WASHINGTON — The legal fate of marriage in the United States will be debated April 28 before the Supreme Court.
The high court announced Thursday (March 5) the date for oral arguments regarding same-sex marriage. The justices likely will issue an opinion before they adjourn this summer. If they do, gay marriage could be legal throughout the country by the end of June or states could maintain their authority to define marriage as only between a man and a woman.
Advocates on both sides of the issue recognize the significance of the Supreme Court’s decision in this case.
“This case could potentially transform the cultural landscape of America,” Russell Moore has said. Moore is president of the Ethics & Religious Liberty Commission. “We should pray for the court, that they will not seek to redefine marriage. And even more than that, we should pray for churches who will know how to articulate and embody a Christian vision of marriage as the one-flesh union of a man and a woman in the tumultuous years ahead.”
Evan Wolfson, president of Freedom to Marry, has said gay marriage proponents hope this will be “the last chapter in our campaign to win marriage nationwide.”
Same-sex marriage is now legal in 37 states, nearly tripling the 13 states where it was legal just 18 months ago. It also is legal in the District of Columbia.
In January, the high court granted review of a November decision by the Sixth Circuit Court of Appeals involving challenges to laws in the states of Kentucky, Michigan, Ohio and Tennessee. A three-judge panel of the Sixth Circuit, which is based in Cincinnati, was the first federal appeals court to rule states could limit marriage to the union of a man and a woman. Four other appeals courts had previously invalidated state laws that prohibited gay marriage.
In the cases the justices will consider from the Sixth Circuit, the voters of Kentucky, Michigan, Ohio and Tennessee all approved constitutional amendments between 2004 and 2006 that limited marriage to a man and a woman.
The Supreme Court has consolidated the four cases and limited consideration to two questions: (1) Does the 14th Amendment to the U.S. Constitution require a state “to license a marriage between two people of the same sex?” and (2) Does the 14th Amendment require a state “to recognize a marriage between two people of the same sex when their marriage was lawfully licensed and performed out-of-state?”
The court set the time for oral arguments on the first question at 90 minutes. It allotted one hour for arguments on the second question. Normally, oral arguments in a case are only an hour in length.

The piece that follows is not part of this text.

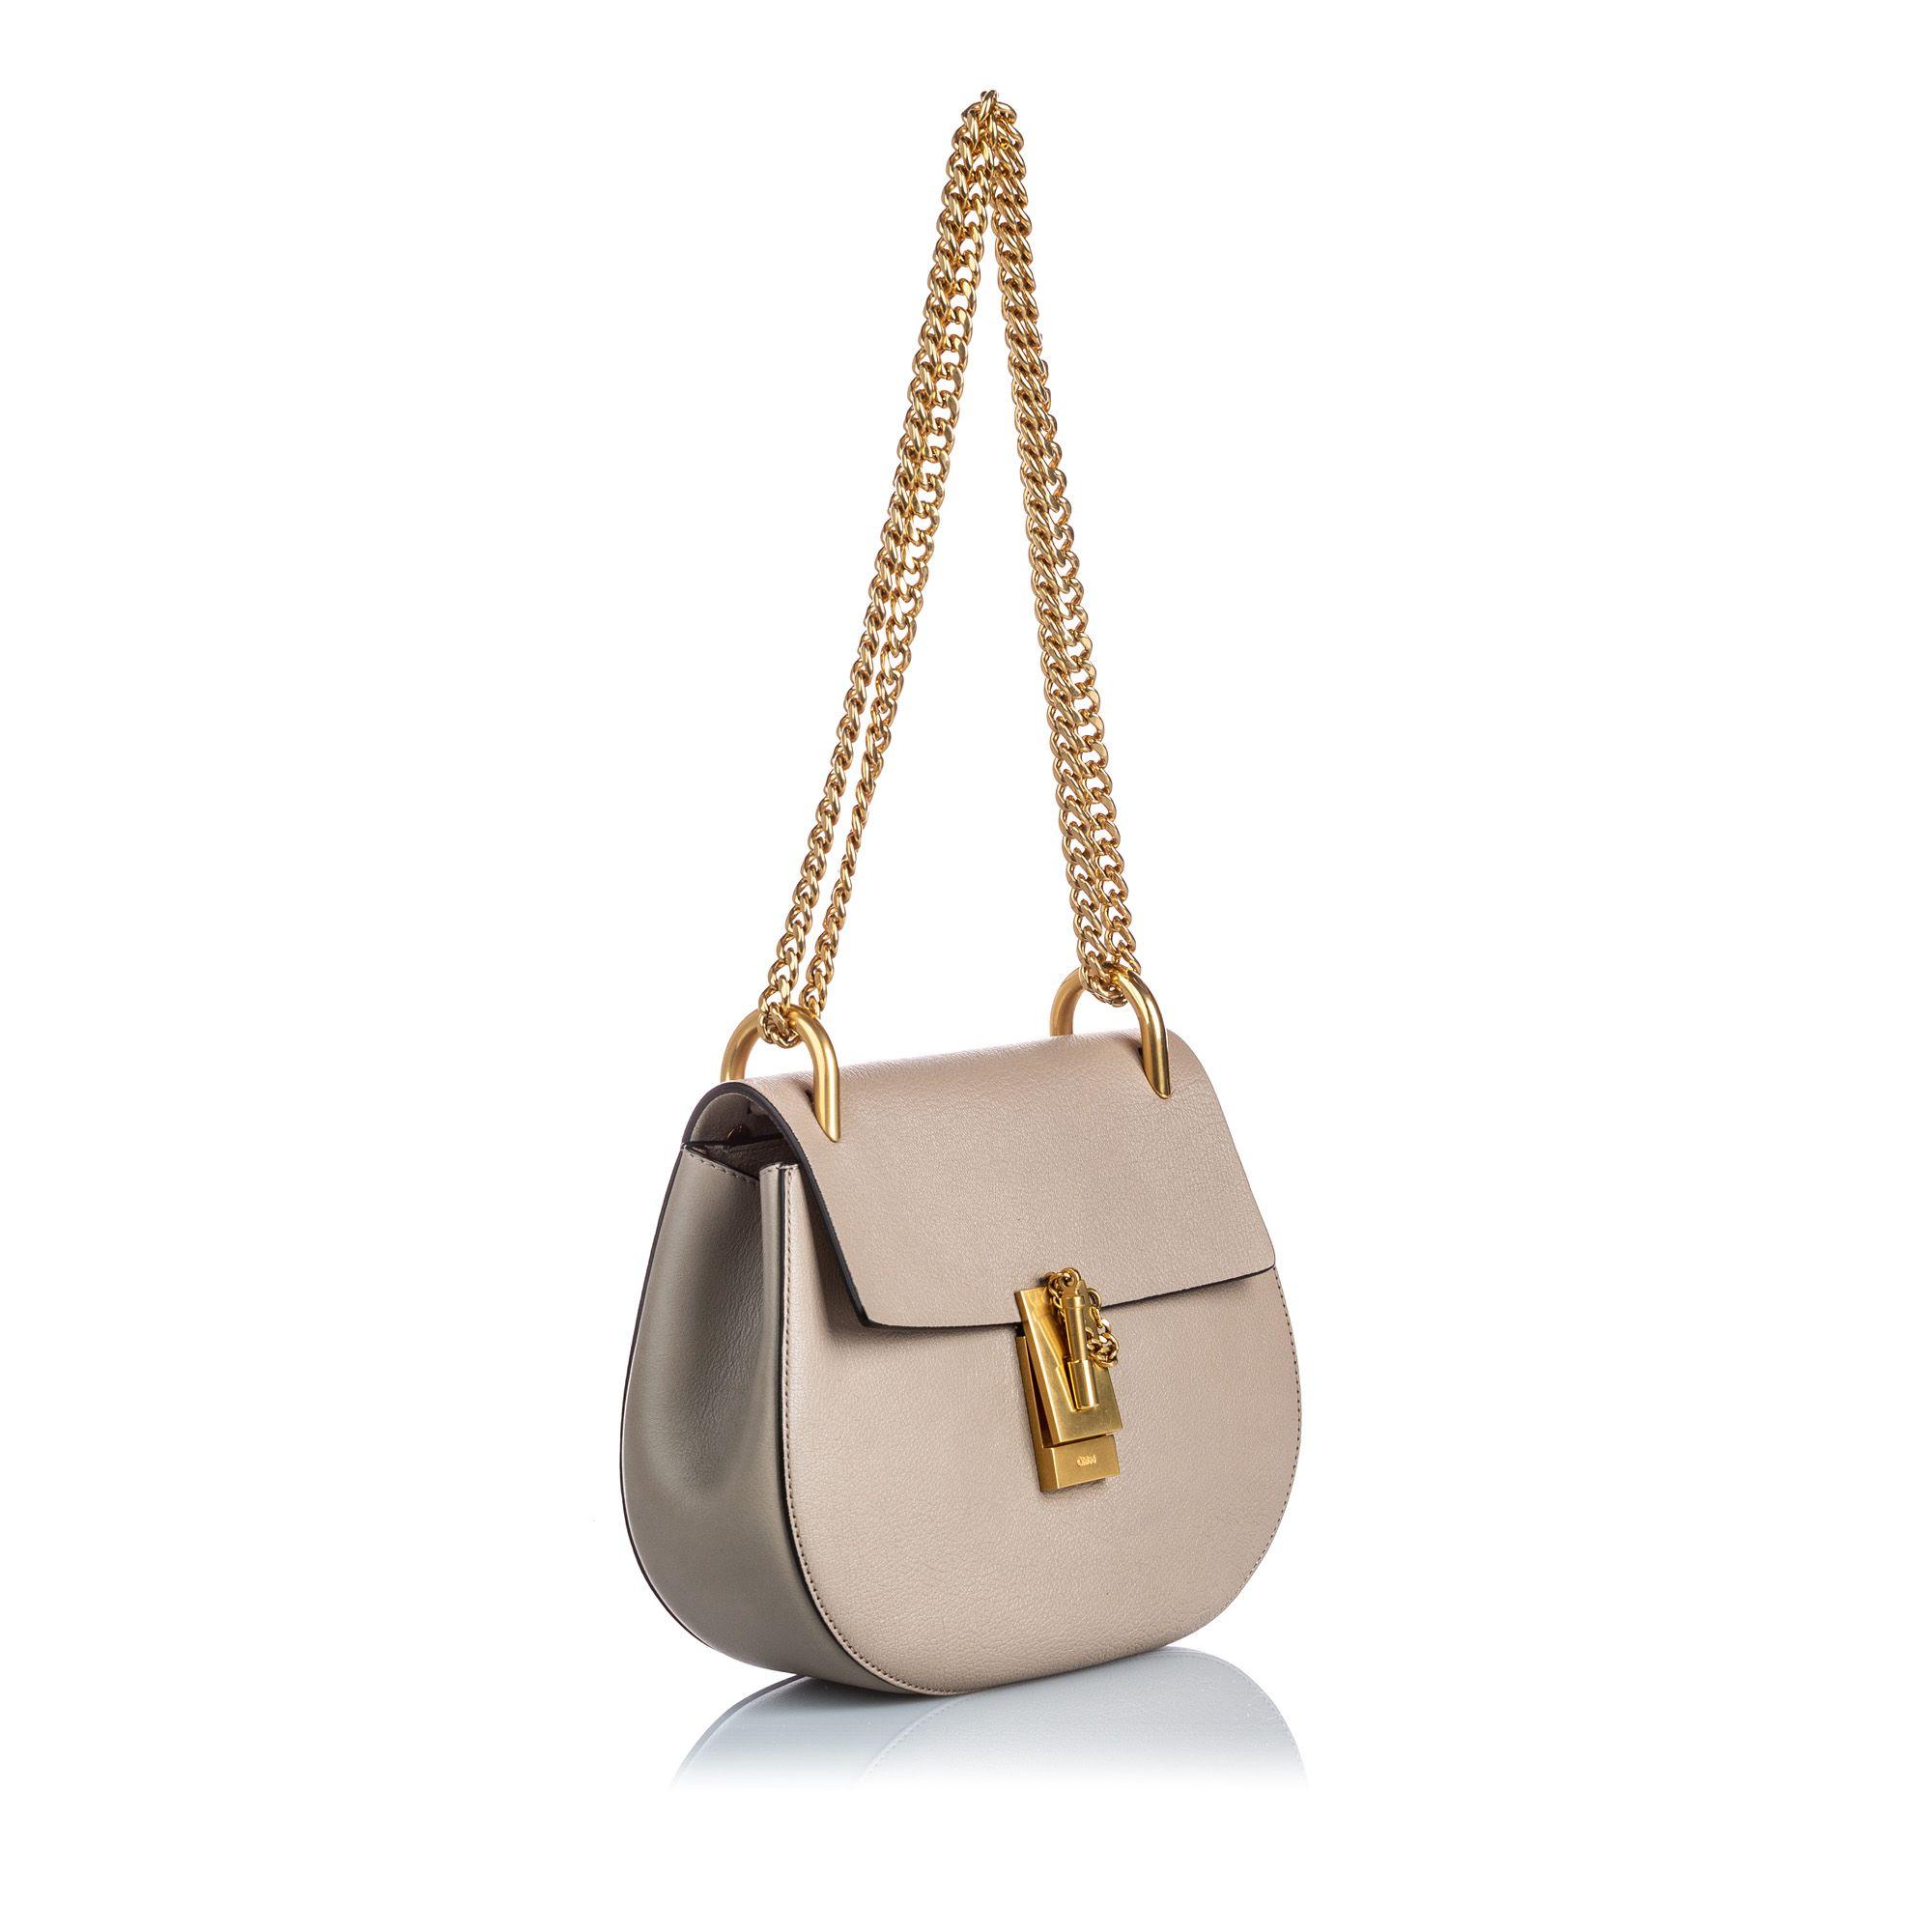 Vintage Chloe Leather Drew Crossbody Bag Gray
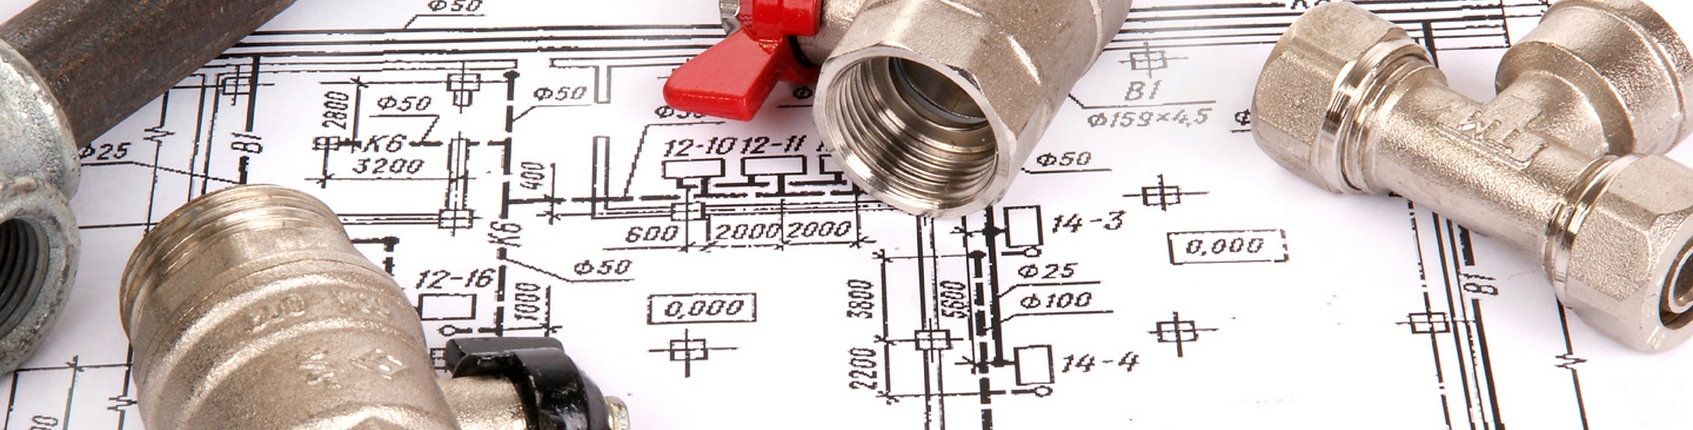 Choosing-a-plumber-in-coquitlam-5 1

Freedom to Marry filed its own friend-of-the-court brief and helped enlist signers to others that were filed Friday (March 6) with the high court. Freedom to Marry’s brief contends discrimination on the basis of sexual orientation should be considered unconstitutional and the justices should rule same-sex marriage is legal nationwide.
Among the other briefs filed in support of gay marriage, according to Freedom to Marry, were ones from nearly 2,000 religious leaders; almost 400 major corporations; more than 220 mayors, including those of the five largest American cities; and more than 300 conservatives and Republicans, as Freedom to Marry described them. The latter group includes former New York City Mayor Rudolph Giuliani, former U.S. Sens. John Danforth and Larry Pressler, and former U.S. Reps. Bob Inglis and Rick Lazio.
The expansion of same-sex marriage has resulted in a growing clash between the rights of gay couples and the religious freedom of individuals and organizations. Photographers, florists, bakers and other business owners who oppose serving in support of same-sex wedding ceremonies have been penalized or are facing penalties for their refusal.